Instructions to follow: Return all the lines below exactly as written. Drop every picture.

Exercise data:
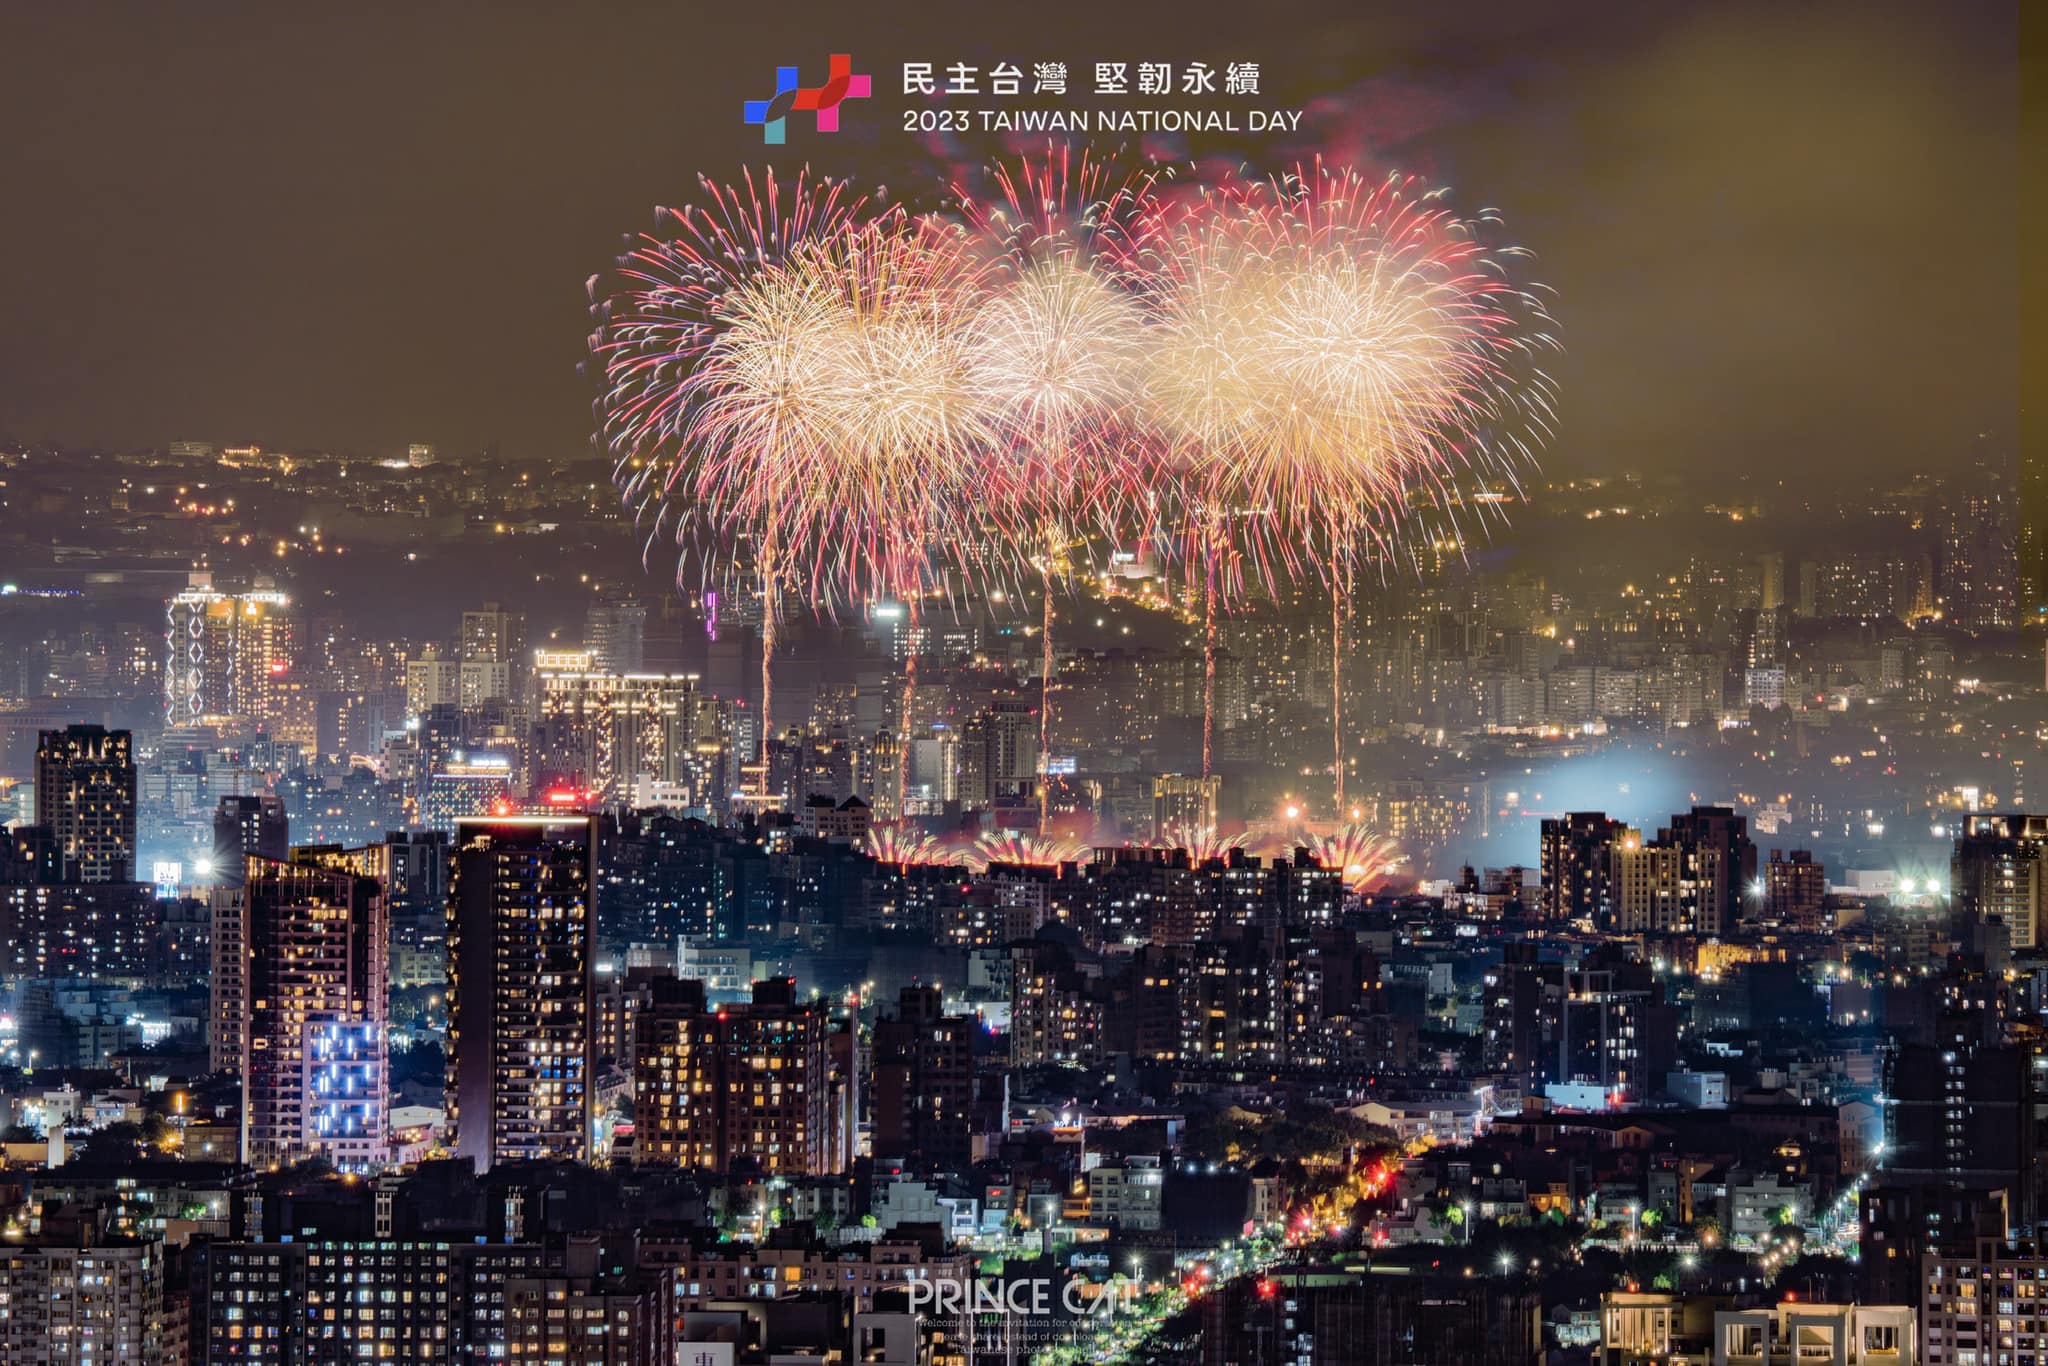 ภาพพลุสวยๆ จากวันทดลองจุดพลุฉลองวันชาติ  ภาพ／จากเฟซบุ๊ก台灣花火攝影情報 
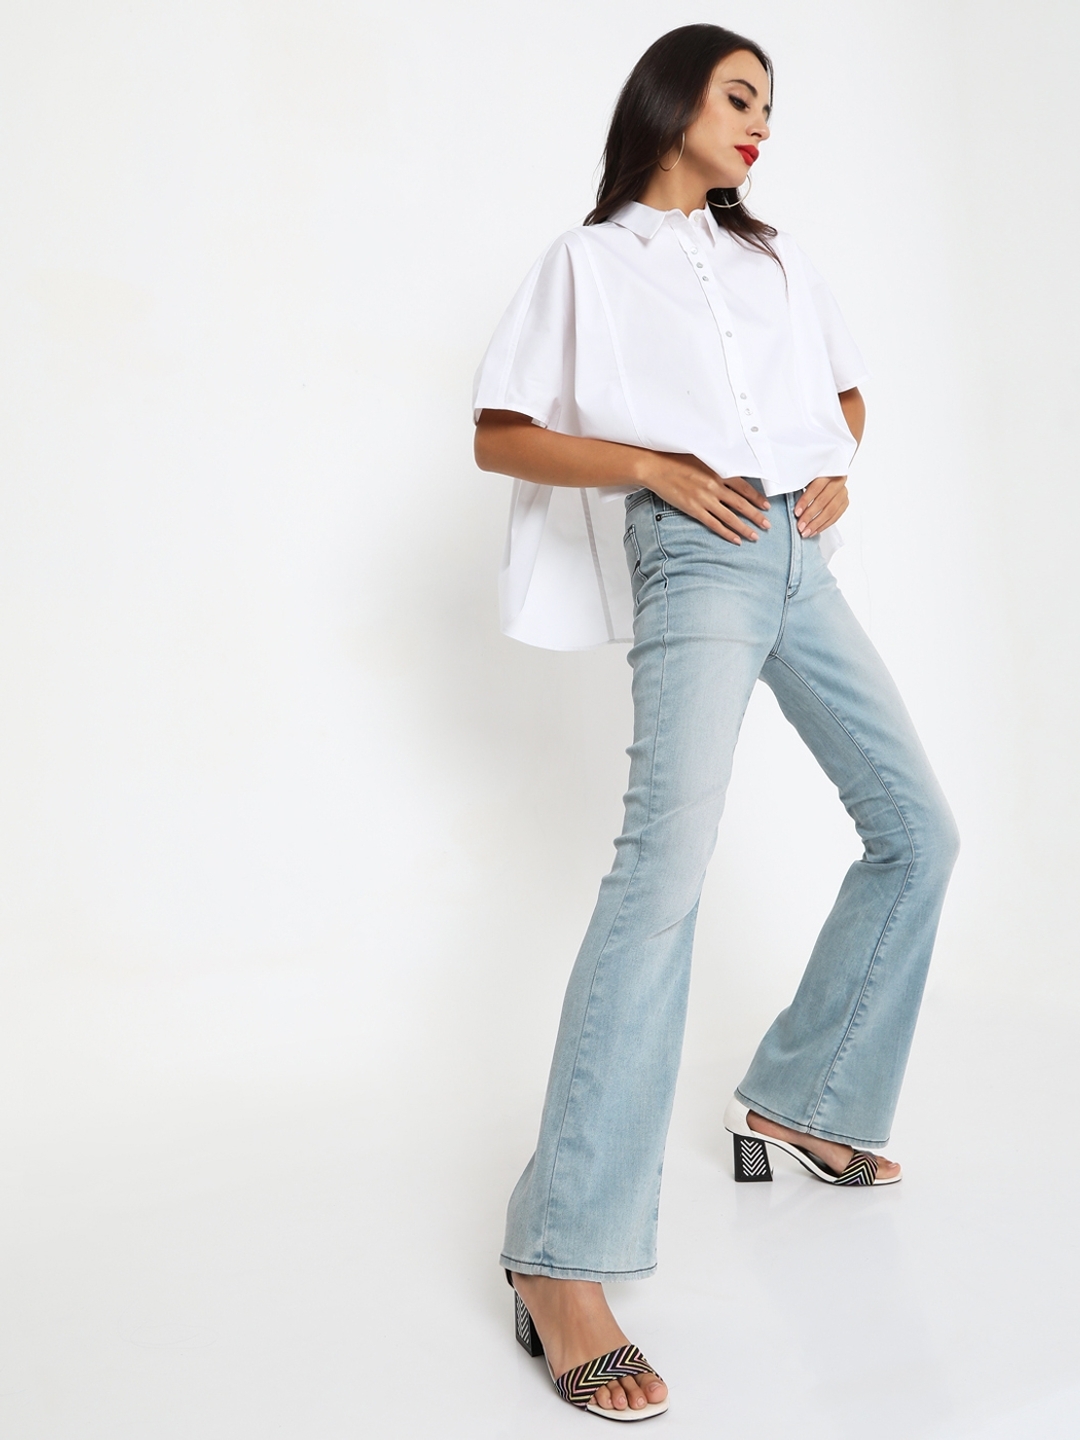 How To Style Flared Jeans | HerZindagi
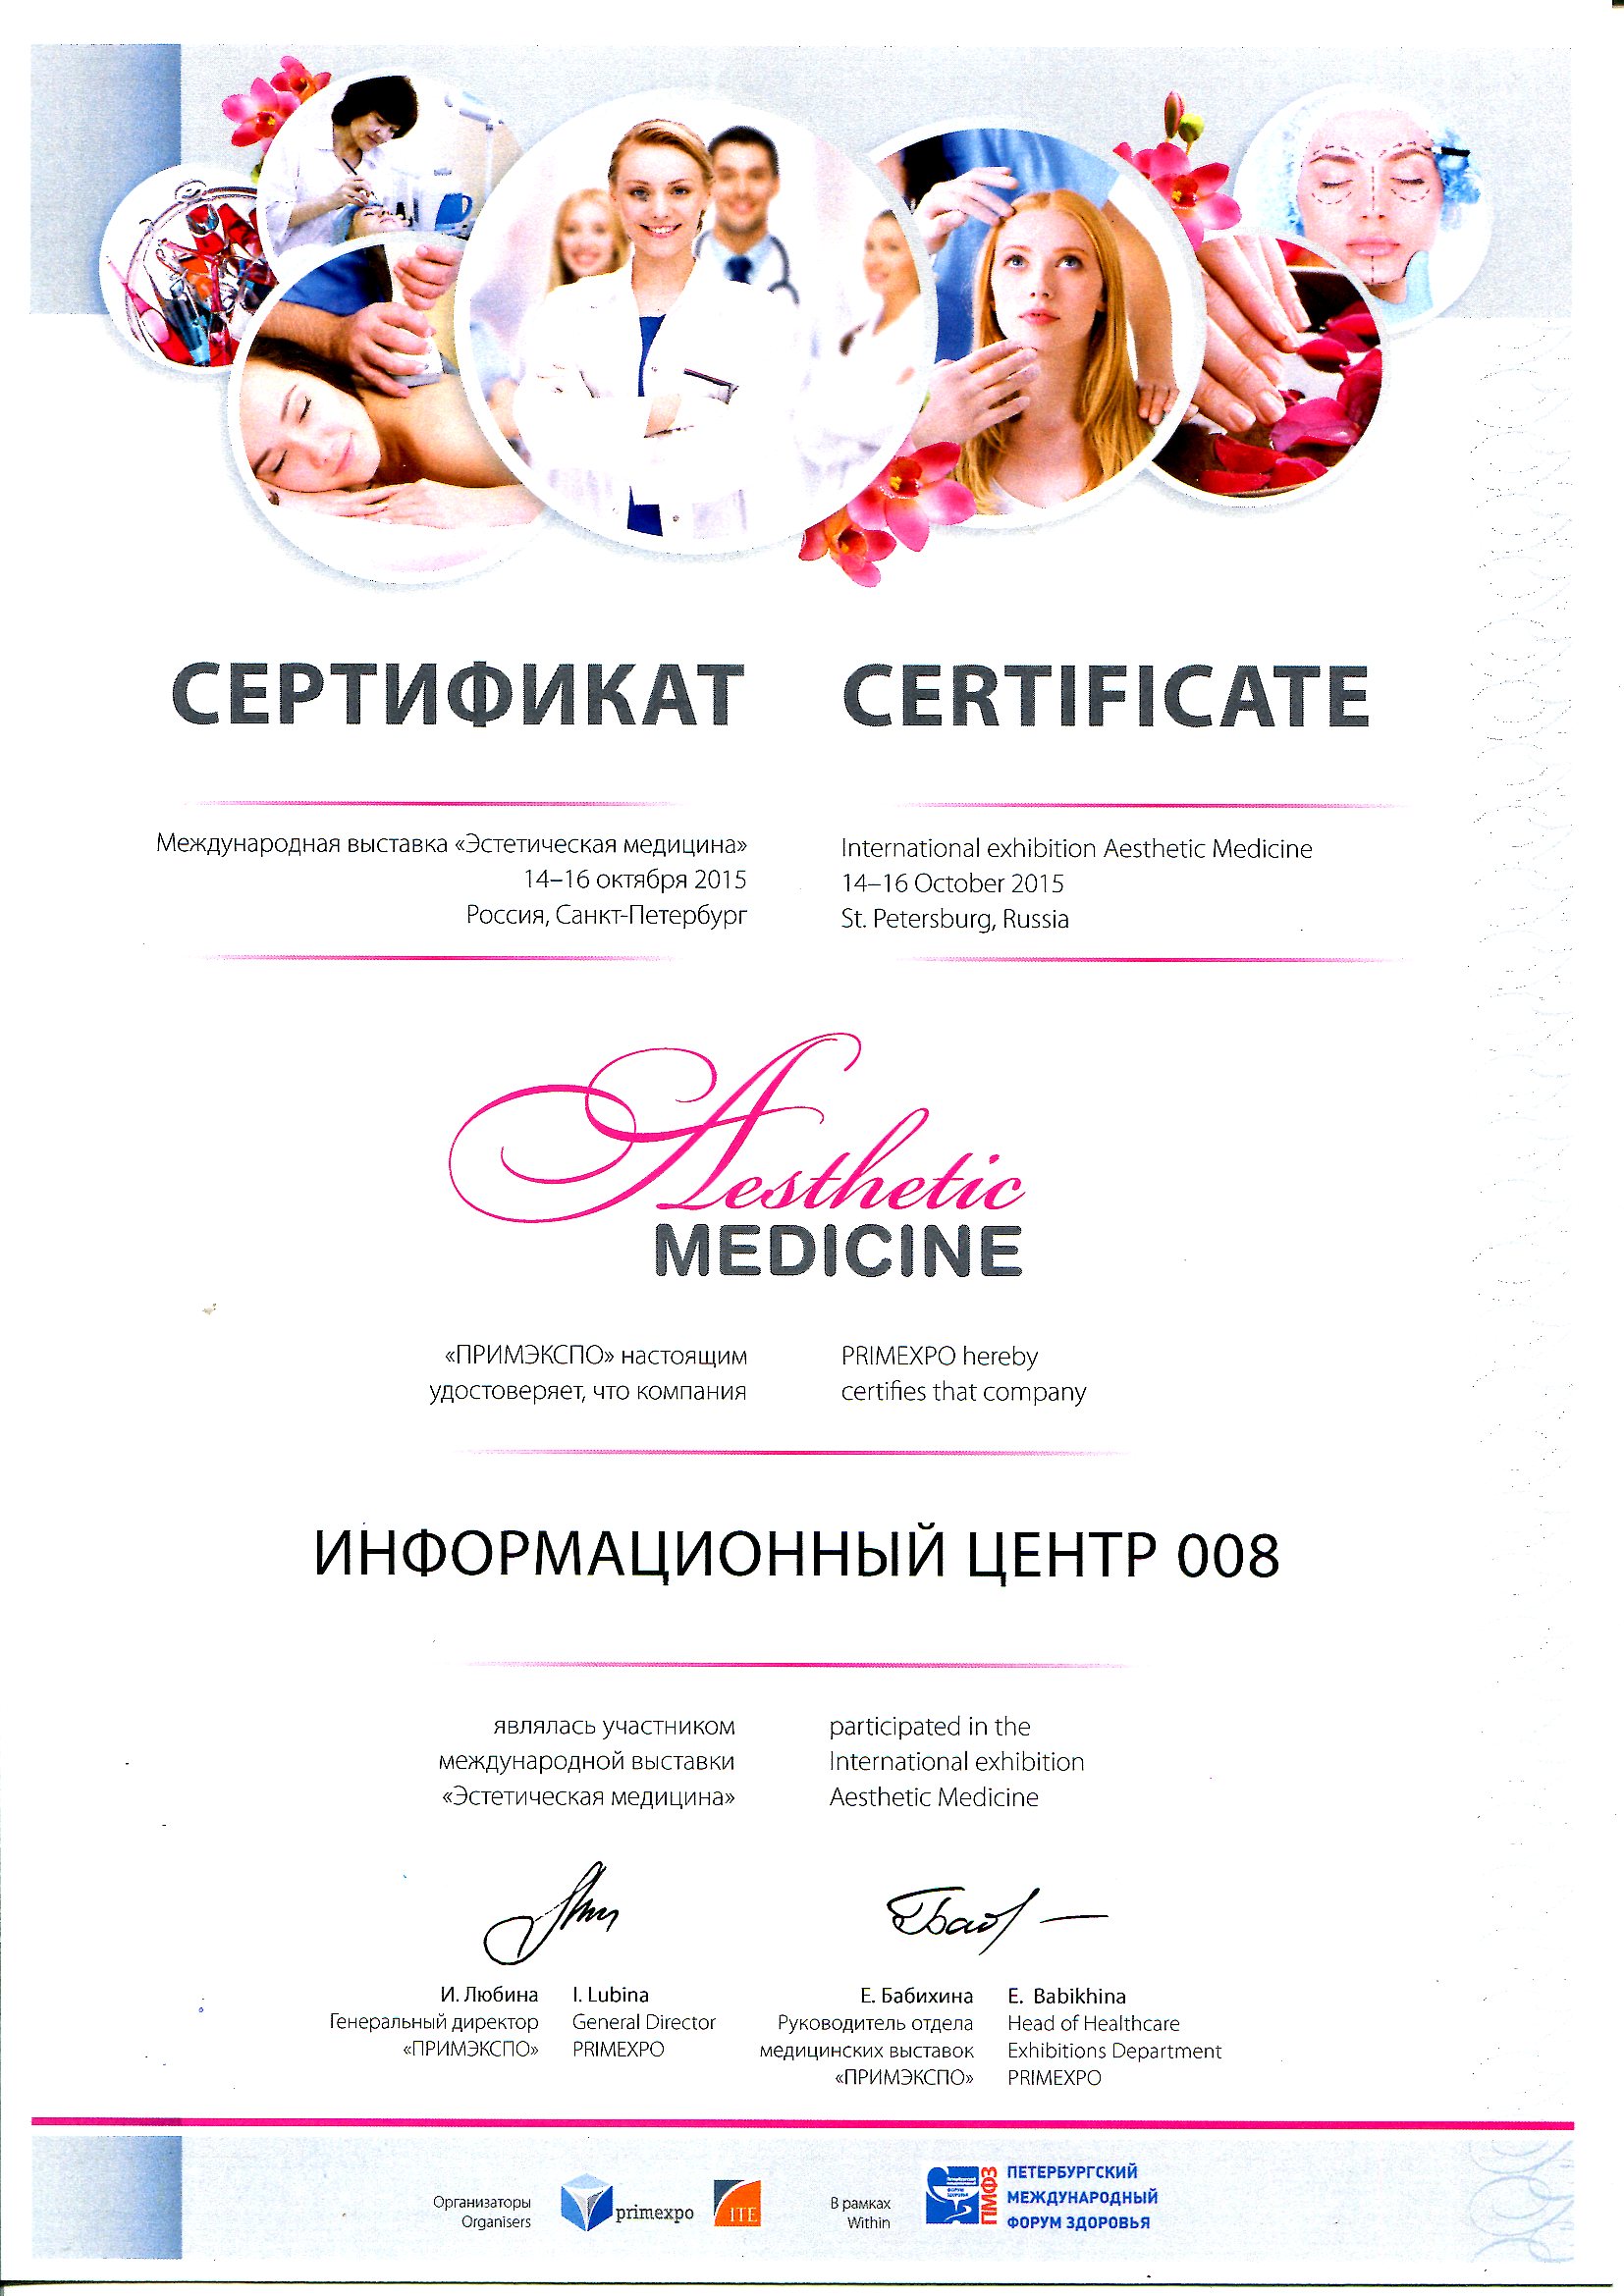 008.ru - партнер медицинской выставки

Reply to the task:
 ภาพพลุสวยๆ จากวันทดลองจุดพลุฉลองวันชาติ  ภาพ／จากเฟซบุ๊ก台灣花火攝影情報 
 How To Style Flared Jeans | HerZindagi
 008.ru - партнер медицинской выставки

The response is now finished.